Im Interview mit dem "Süddeutsche Zeitung Magazin" erzählt er von seinen Studien und seiner Forschung. Seine Mutter habe seine erste veröffentlichte Studie zum Anlass genutzt, um ihm selbst ein lange gehütetes Geheimnis zu offenbaren: "Unser Vater ist nicht unser leiblicher Vater. Wir sind das Ergebnis von Samenspenden."

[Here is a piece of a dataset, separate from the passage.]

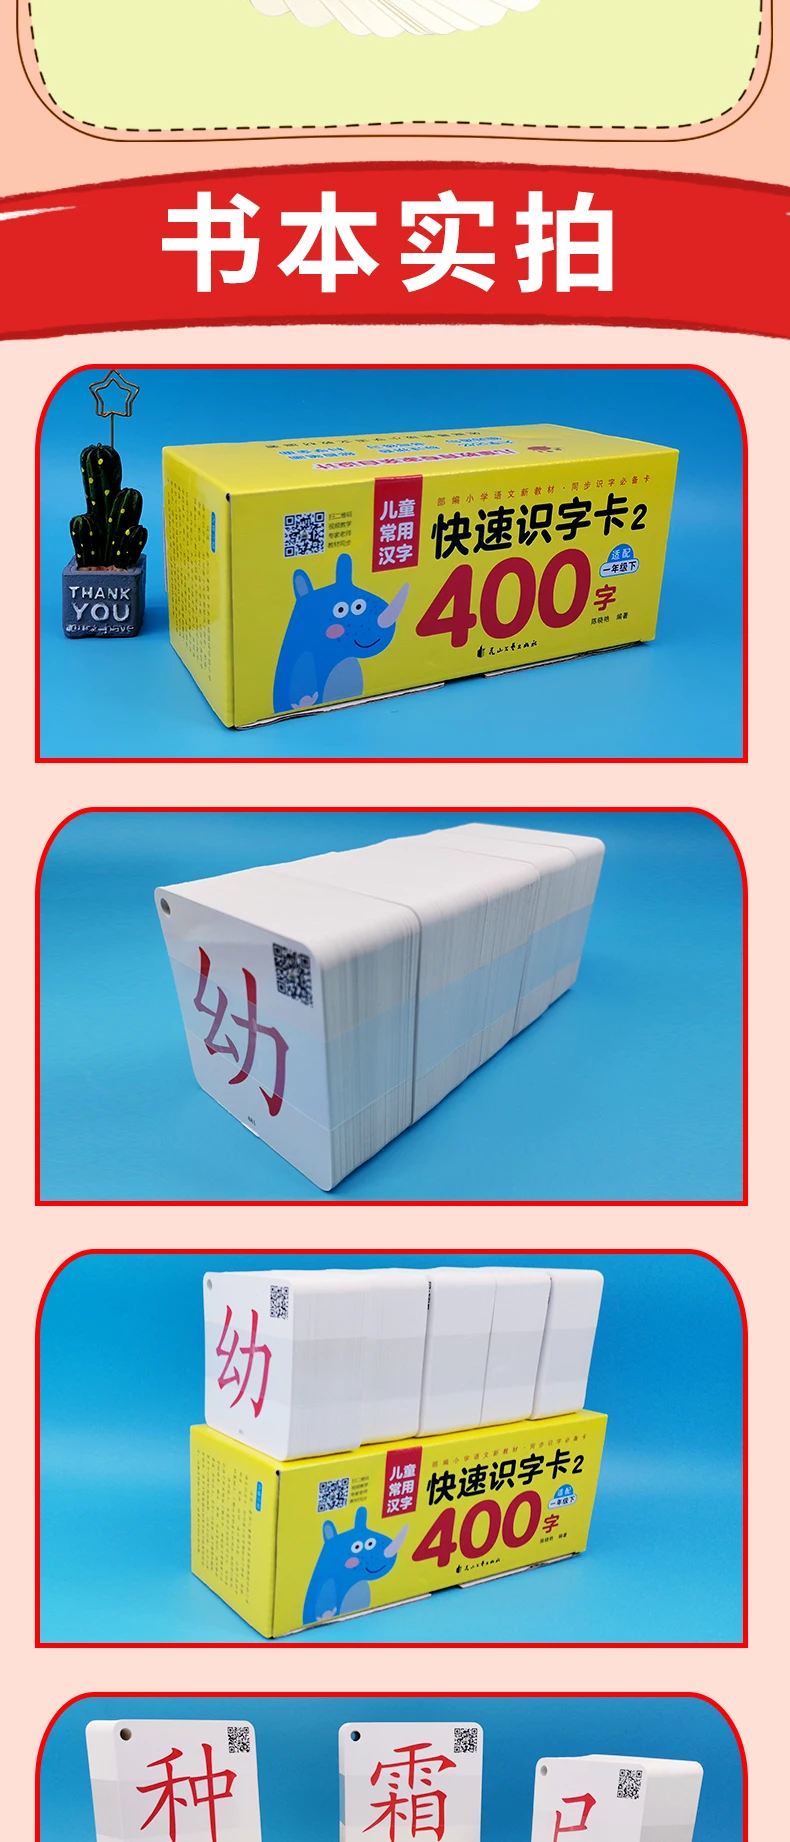 400 флэш-карты с китайскими персонажами (без изображений) для начальной школы, для учеников первого класса, 8x8 см/x дюйма
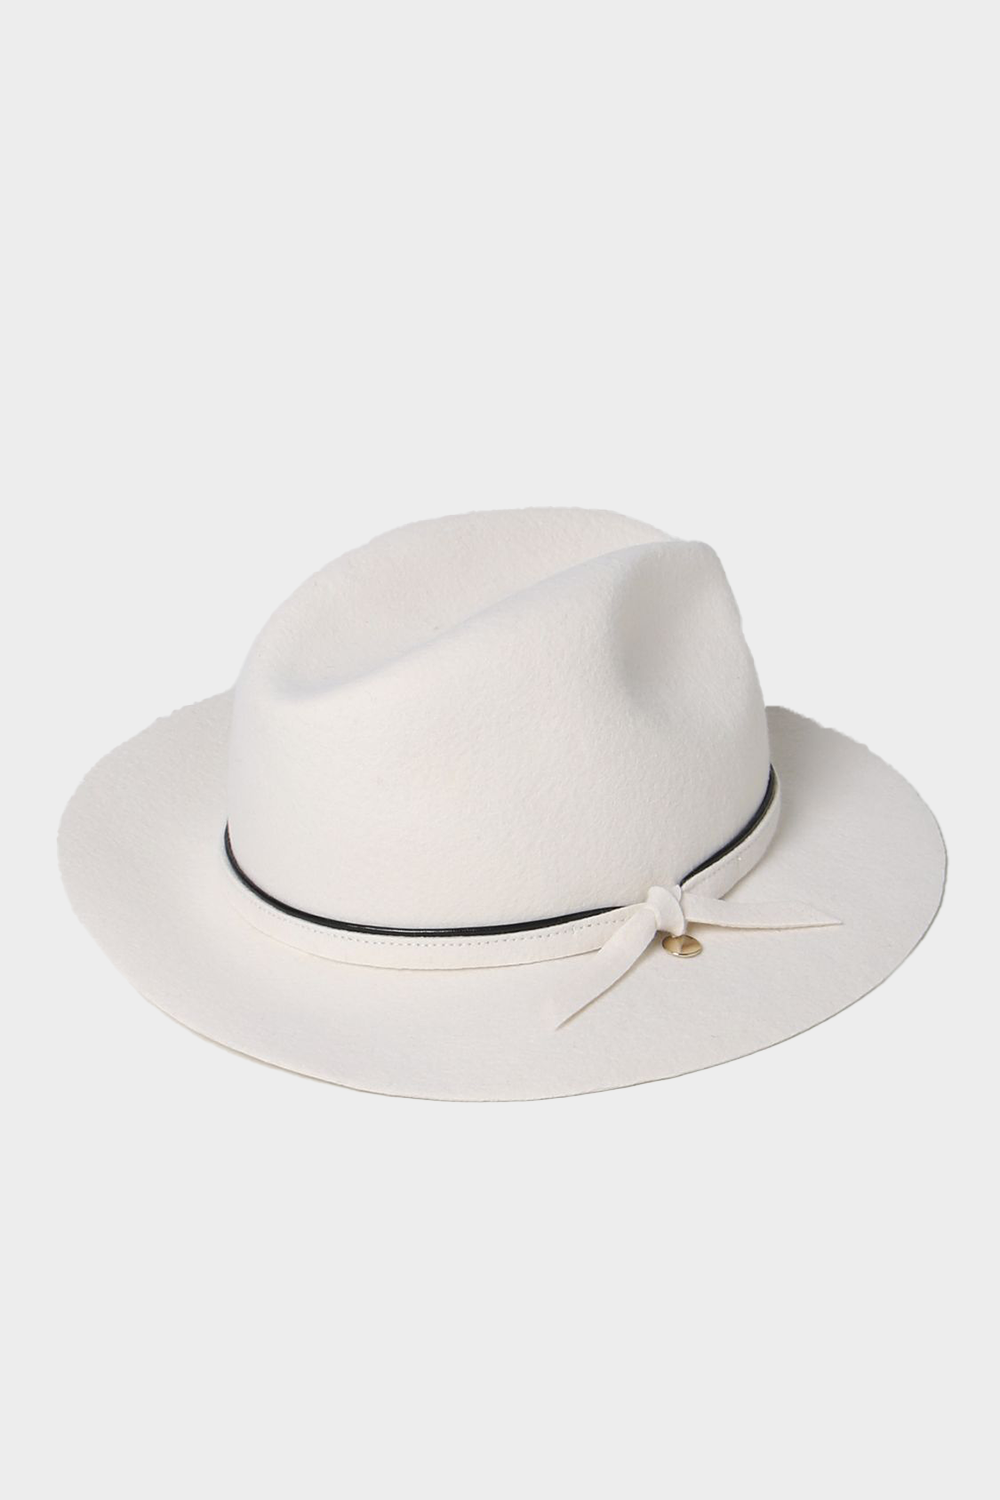 'כובע פדורה לנשים בצבע בז

Slepian hat über 50.000 Menschen zu ihren Geheimnissen befragt. Um herauszufinden, welche Arten von Geheimnissen es gibt, entwickelte er eine Liste mit 38 Kategorien – darunter Diebstahl, Schwangerschaftsabbruch oder sexuelle Untreue. Auch positive Geheimnisse wie ein Heiratsantrag oder eine Überraschung zählen dazu. "Weil uns niemand danach fragt, müssen wir auch niemanden anlügen. Trotzdem ist es ein Geheimnis", erklärt er.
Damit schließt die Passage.